----- Data shown -----
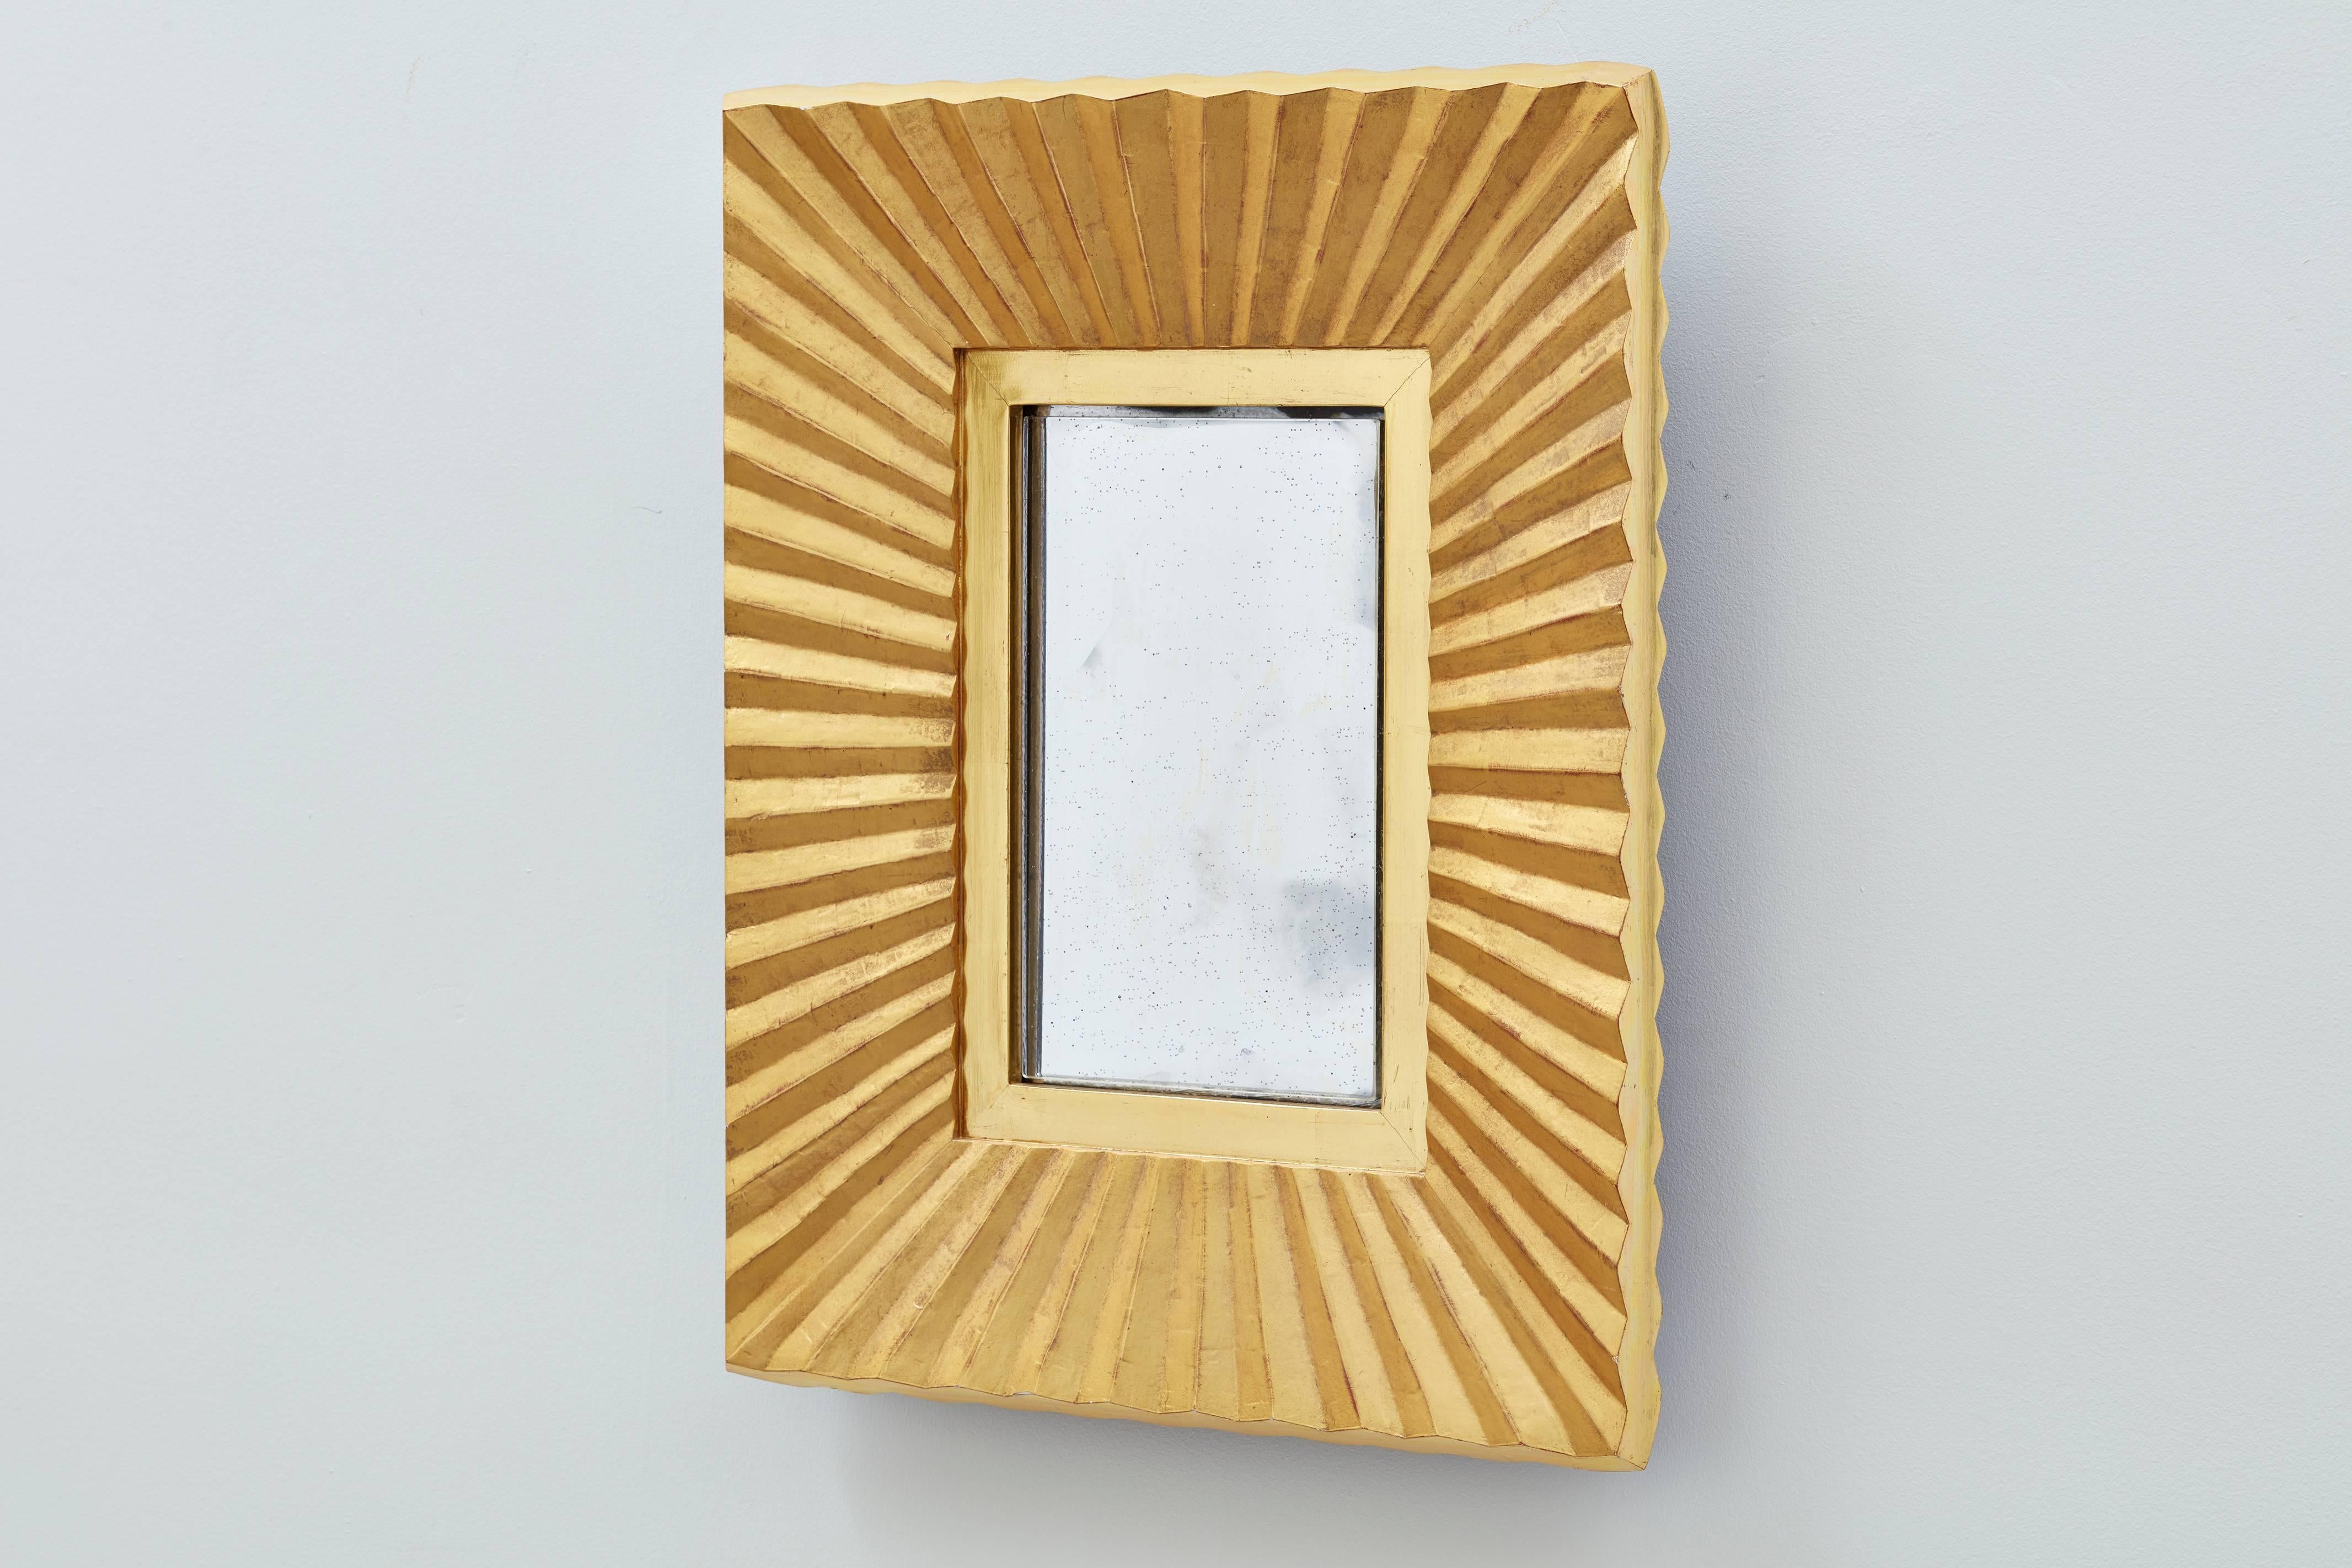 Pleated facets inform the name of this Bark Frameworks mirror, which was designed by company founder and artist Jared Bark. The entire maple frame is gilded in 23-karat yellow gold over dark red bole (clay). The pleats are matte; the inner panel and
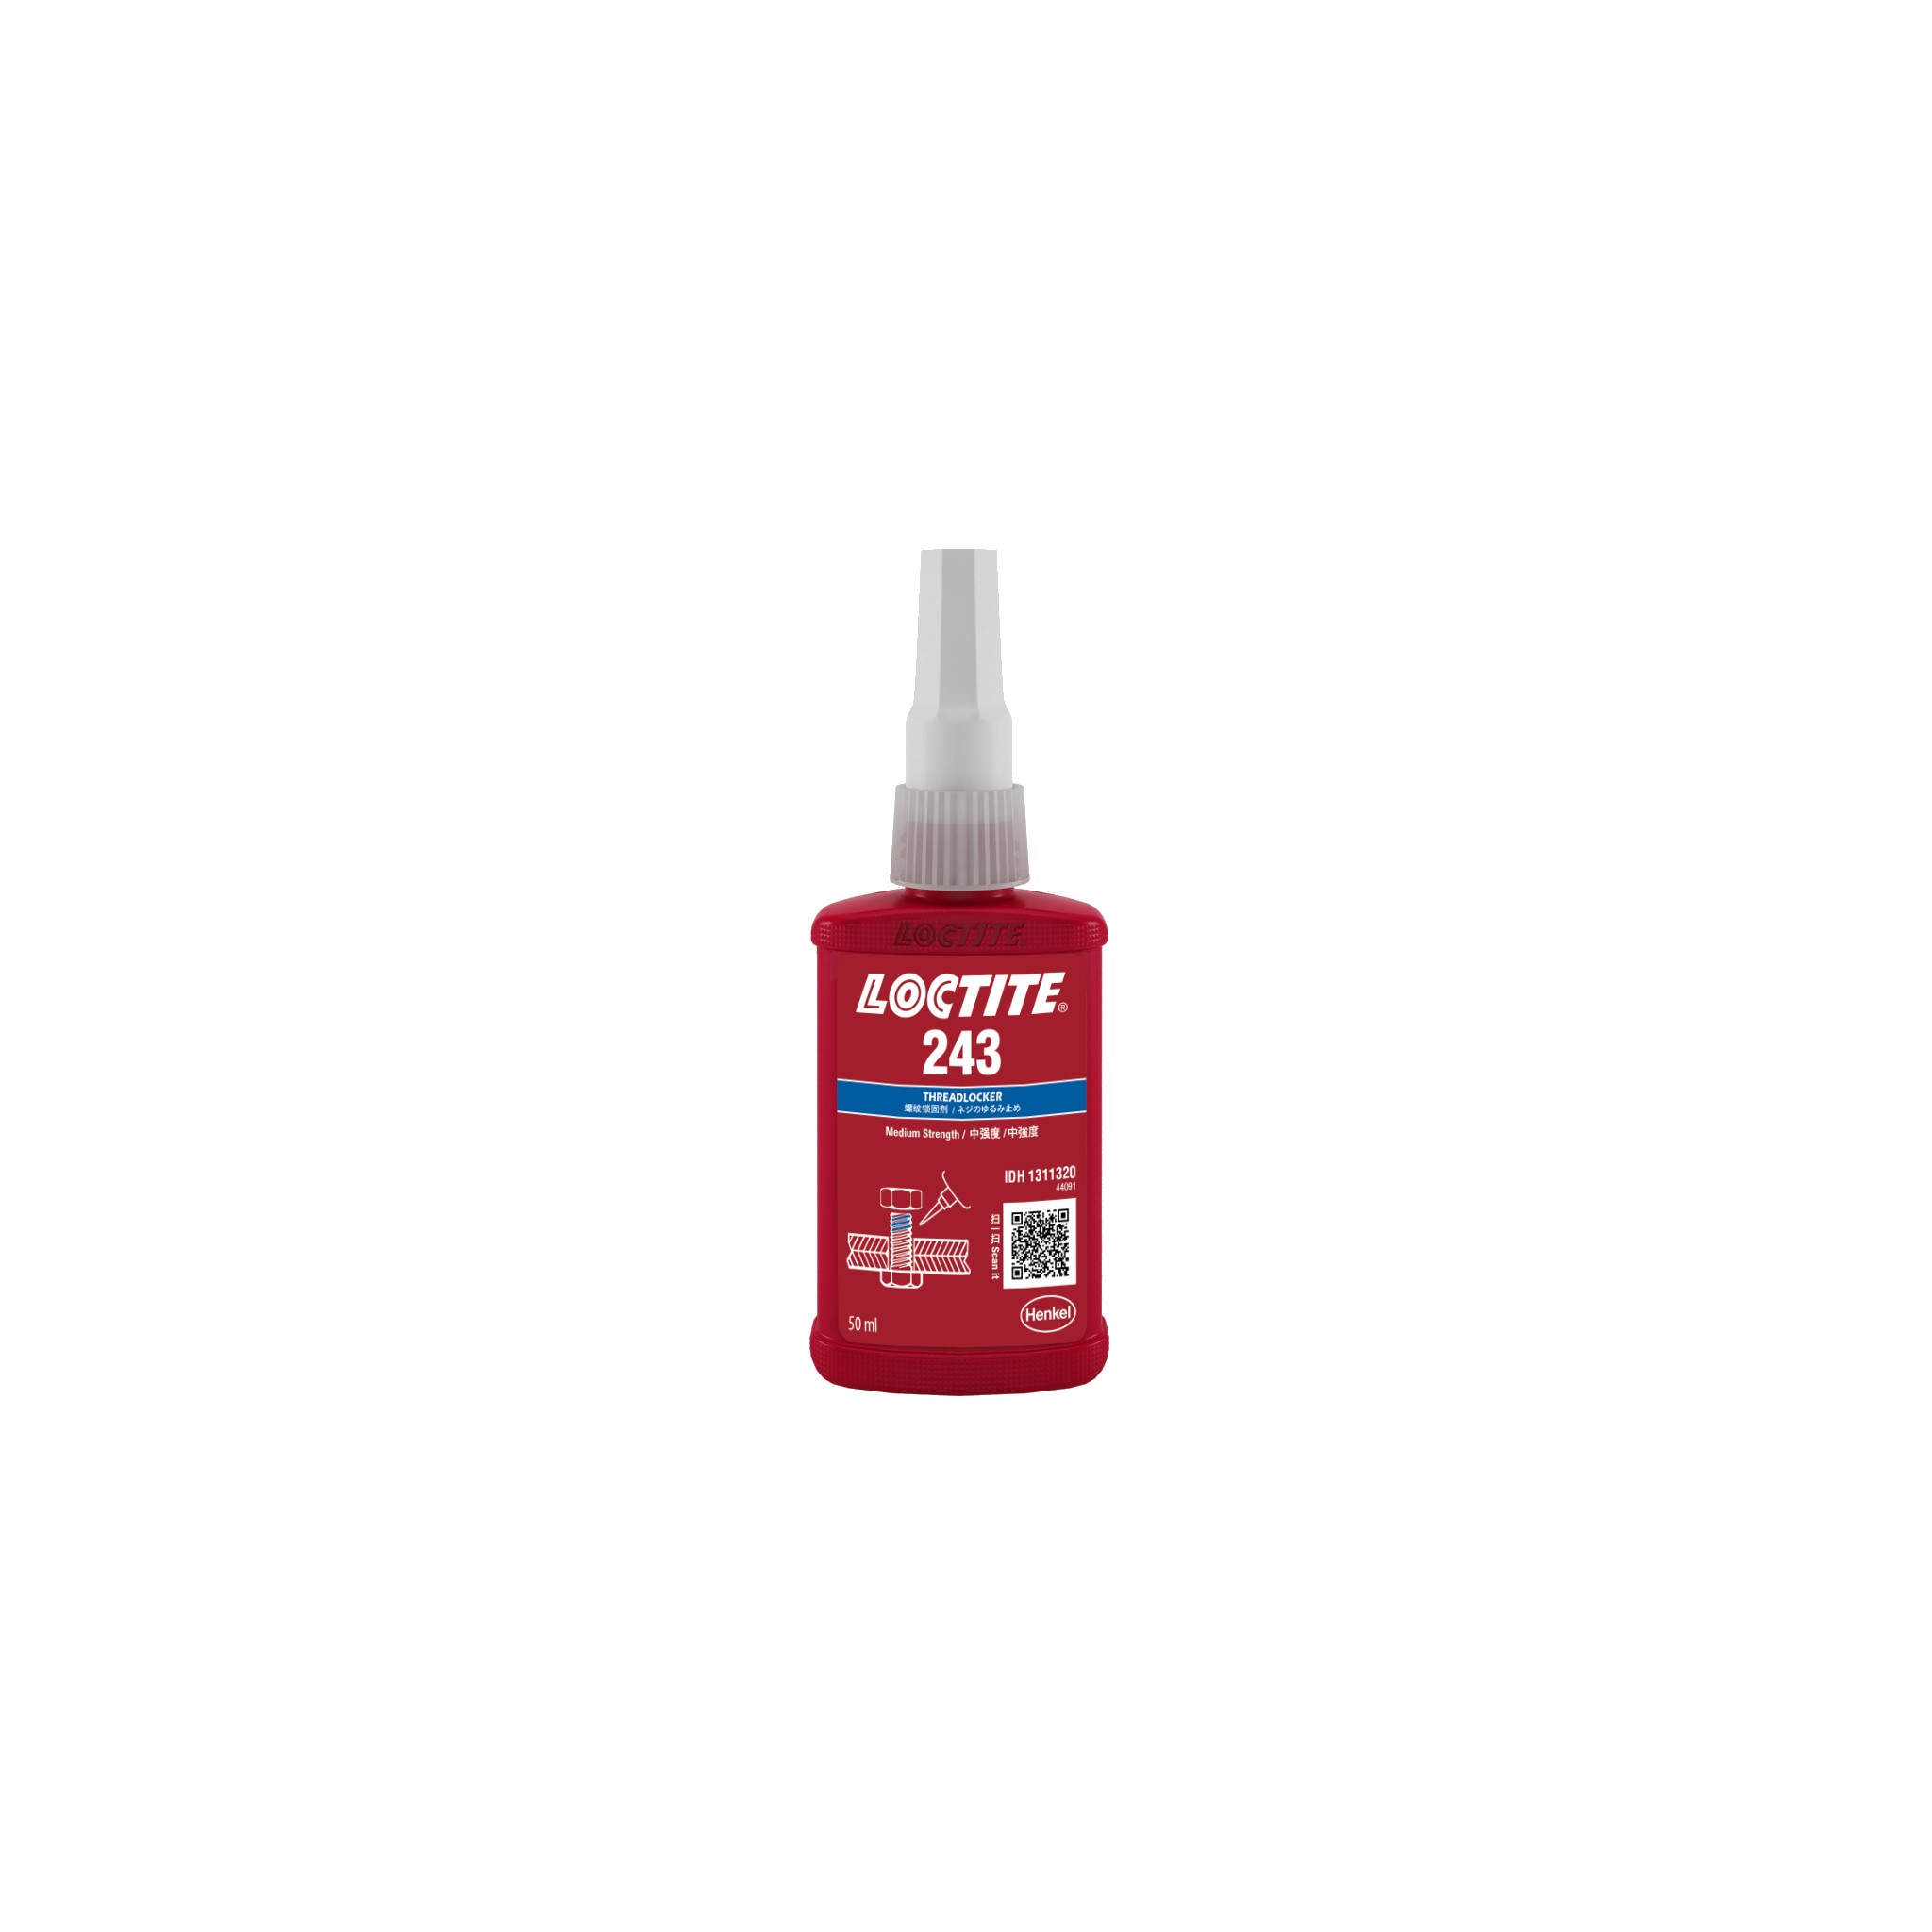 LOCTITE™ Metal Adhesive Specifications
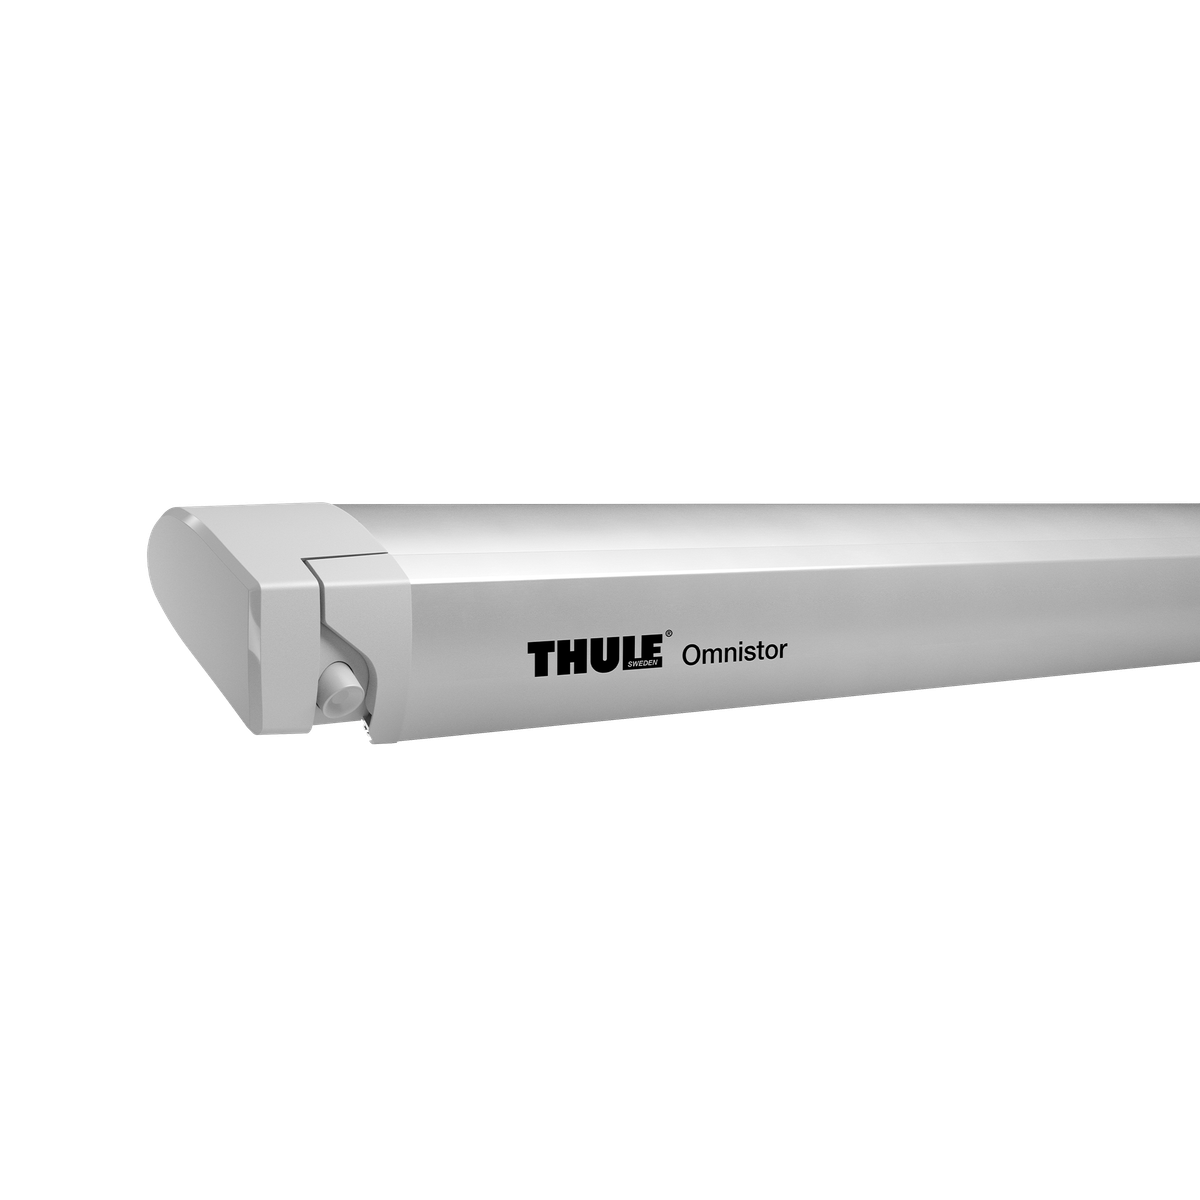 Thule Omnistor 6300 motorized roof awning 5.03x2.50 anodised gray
-----
* **Exercise objective**: Each word of the data should be repeated exactly, and the pictures left out.

* **Result of the task**:
 Pleated facets inform the name of this Bark Frameworks mirror, which was designed by company founder and artist Jared Bark. The entire maple frame is gilded in 23-karat yellow gold over dark red bole (clay). The pleats are matte; the inner panel and
 LOCTITE™ Metal Adhesive Specifications
 Thule Omnistor 6300 motorized roof awning 5.03x2.50 anodised gray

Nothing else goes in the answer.